I have a question: Anyone ever do a working student live-in job before?

There is a postion I'm looking into that I found on HorseJobs.ca working with at Sandridge Stables. Basic grooming, riding, barn chores and maintance. It sounds super good. I wont get paid but I will be working with a top trainer/rider. Working with horses is something I would love to do. I will also get to be able to board 1 horse there. So Murray can come with me. I'm wondering if this is really worth it.


----------



## PaintsPwn (Dec 29, 2009)

It depends on the people running it, just expect to be treated like a slave, overworked and underpaid, and you'll be fine.

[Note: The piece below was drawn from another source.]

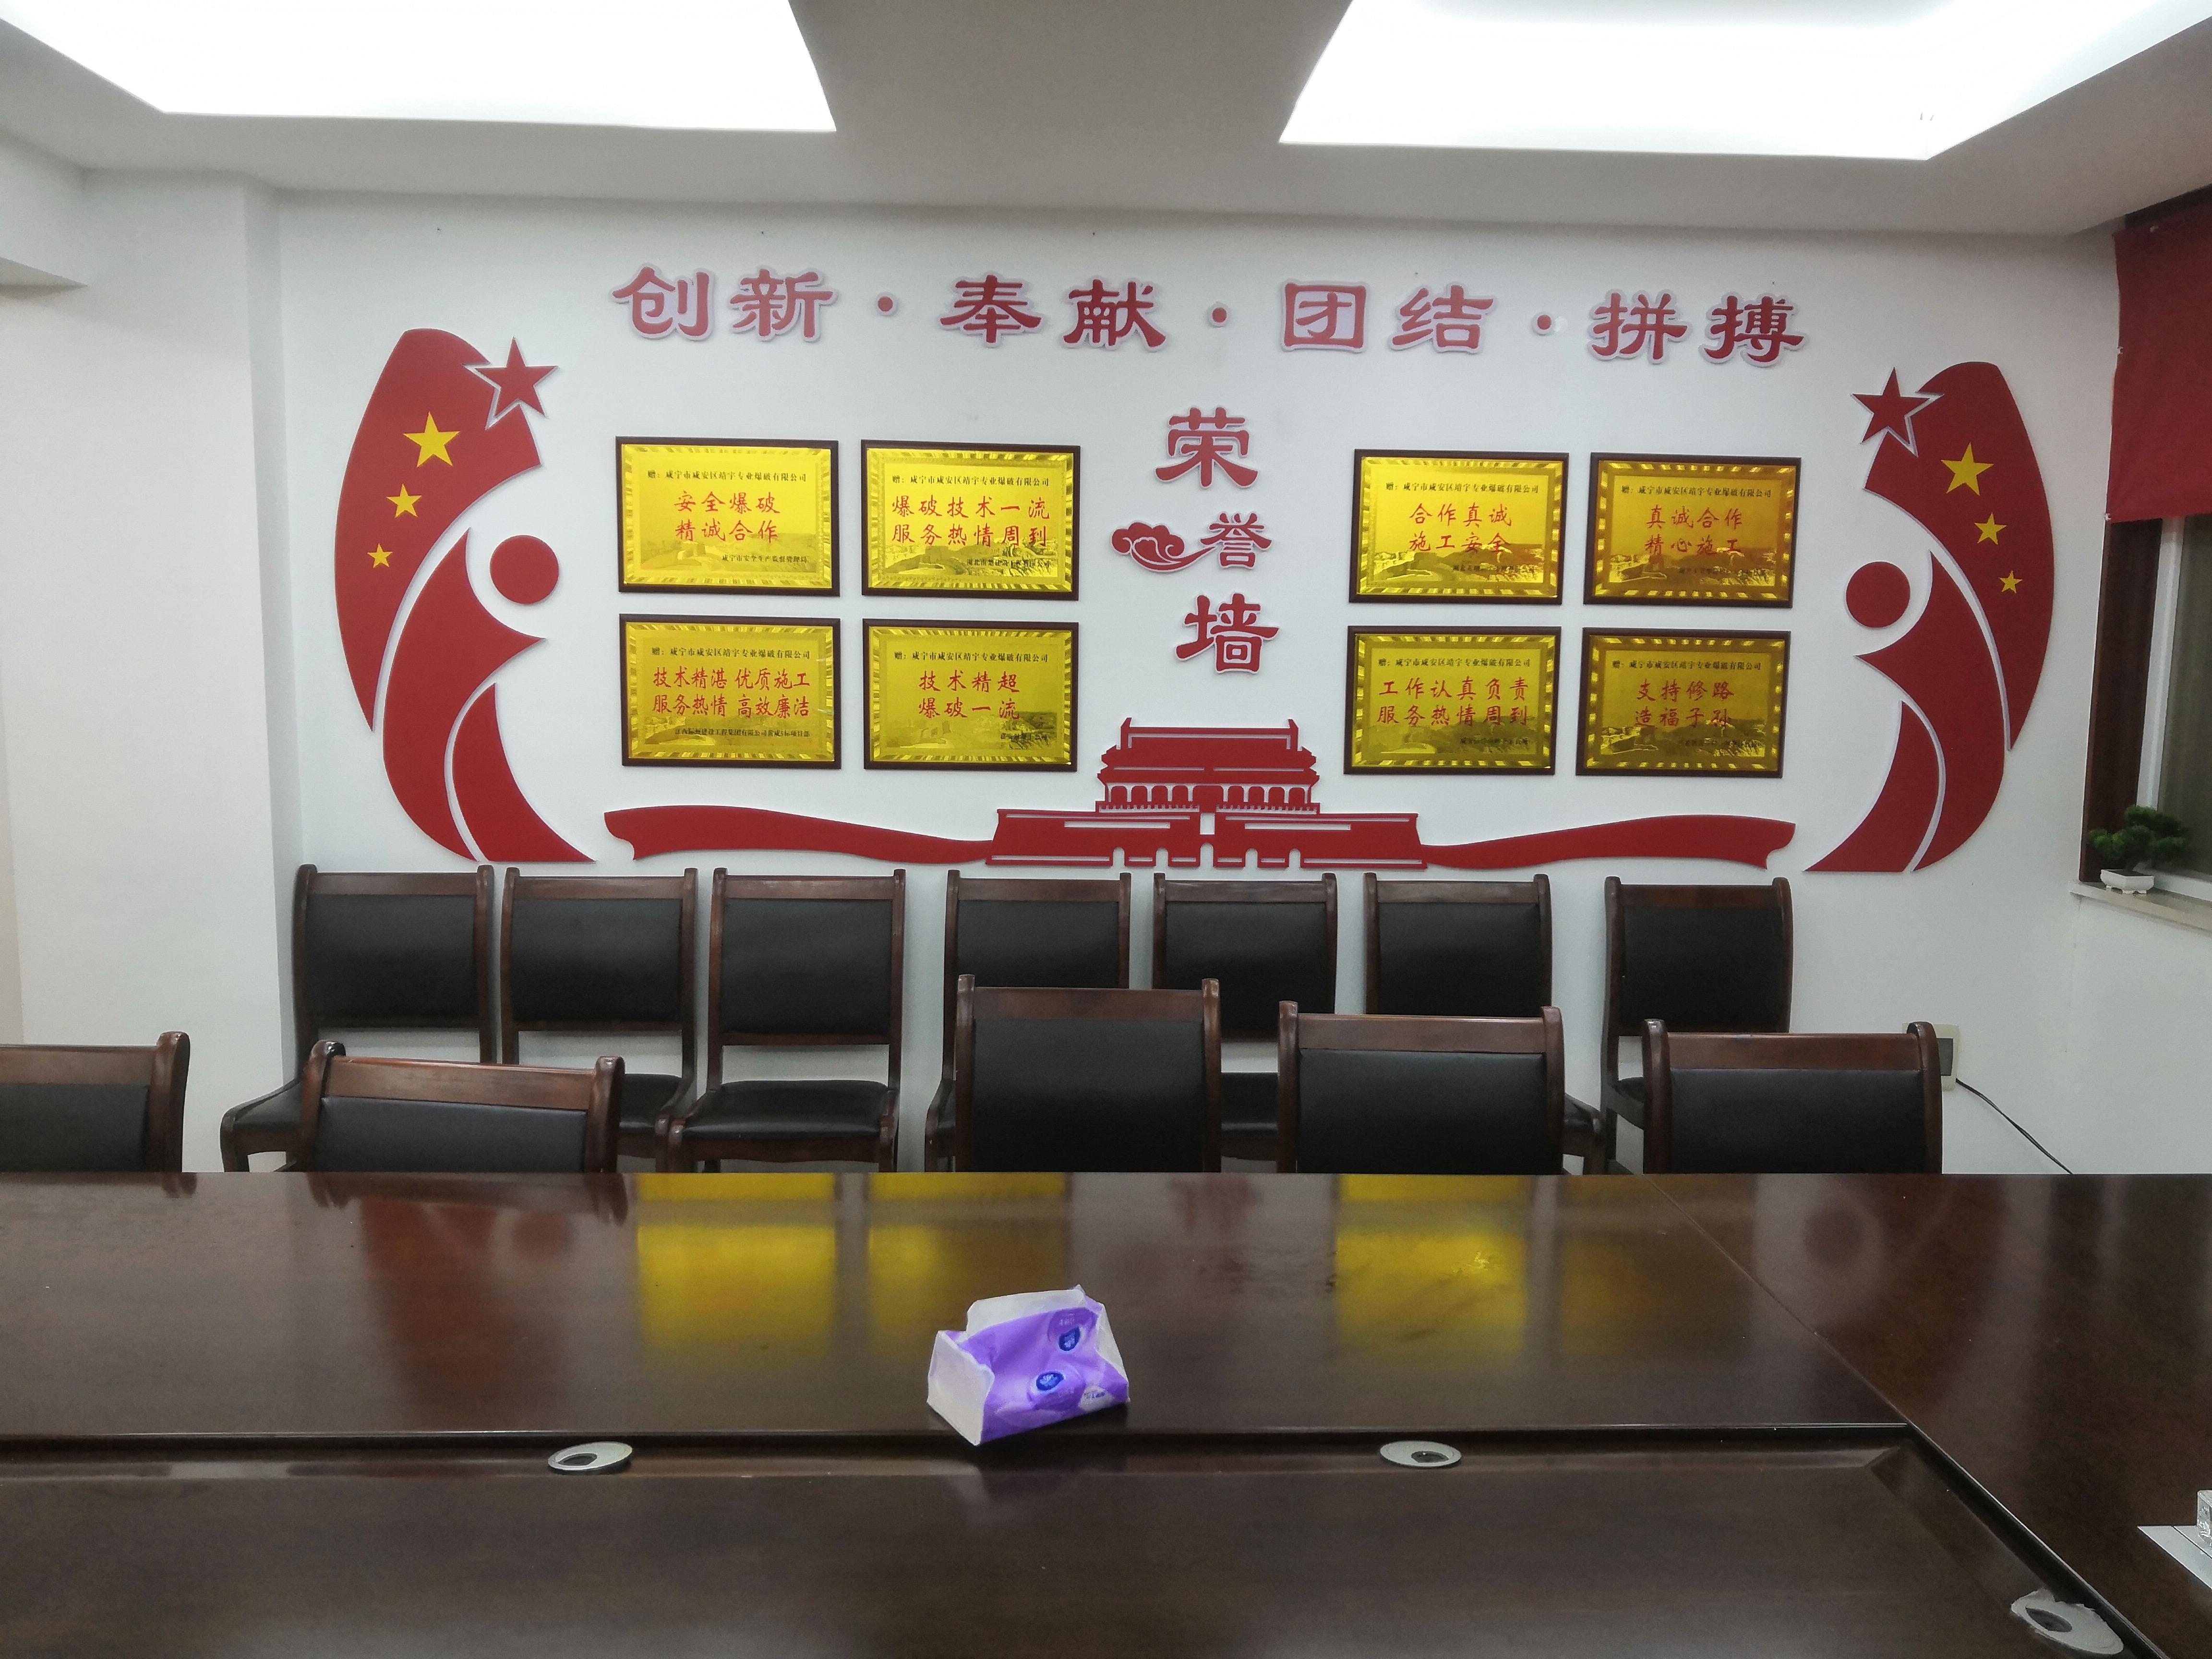 靖宇爆破党建会议室(图3)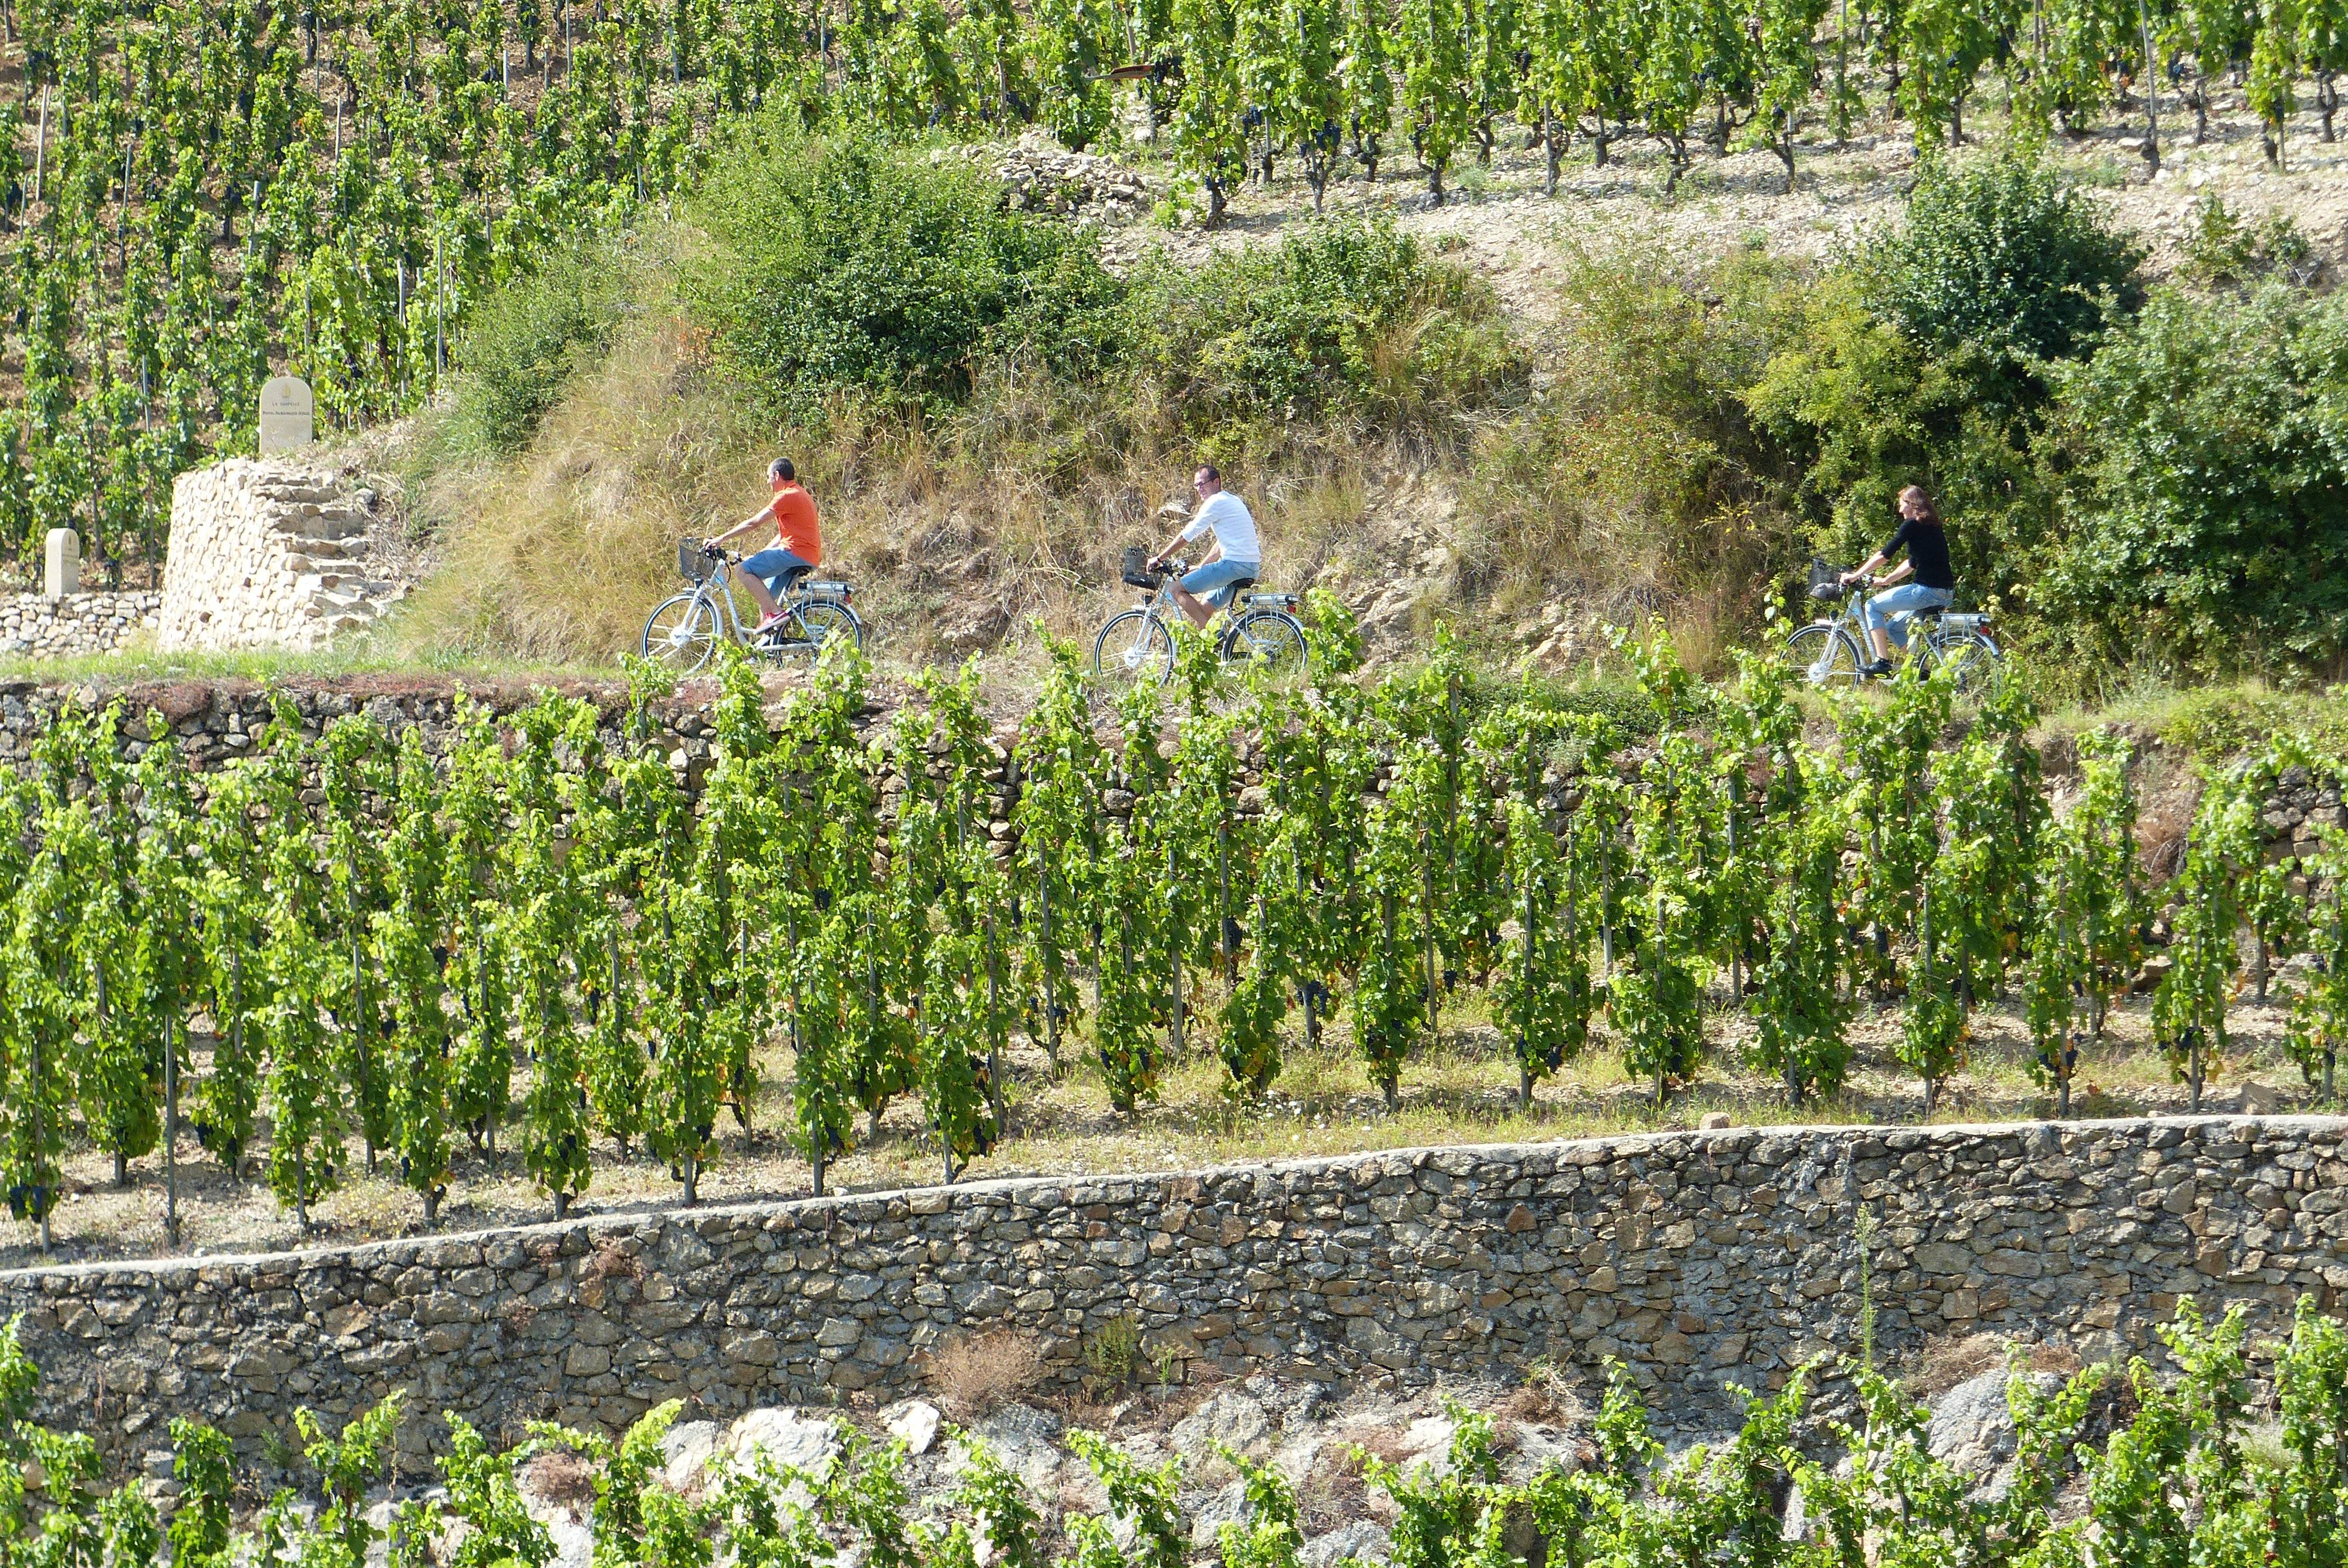 the terraced vineyards of the Rhône Valley by bike

I went to one if Florida. It was a bust. I went to one in Wisconsin, and it was a lot of fun! Except for having to climb four stories of stairs four times per day.. That was the only epic fail part of it.


----------



## smartchic (Jan 27, 2010)

I have worked for many different top trainers. After completing my associates degree in horse training and stable management i took and internship/student position with John Dean. John paid me $100/wk. Some pay, some don't. It depends on your needs and expierience. If you are serious about starting a career with horses, you need to start at the bottom. I have mucked my fair share of horse stalls and was the go getter. I worked my way up to a job with a trainer that paid me $2100/month. It is a hard life style and dedication is your unlitimate priority. If not, your wasting your time, because there are plenty of other people out there that are competing for the same position. You will work 6 days a week, 10-12 hours a day(depending on the type of trainer,operation) The horse industry is in constant struggle...but is also very rewarding in many areas. If your not getting paid, make sure they spend some amount of time teaching you something in return...thats the only way its worth it. Take something with you....not just the expierience...knowledge to get you further.


----------



## Beau Baby (Oct 28, 2008)

I ride at Sandridge Stables and yes it is worth it. I've been there for about 2 years and though I'm not a working student and just a student I have loved the experiance. I have become friends with 2-3 of the working students and they'd probably tell you it is worth it. Tricia can be a hard *** but you learn so much from her and she can definitely be fun and helpful. Plus the horses at Sandridge are fun to work with.


----------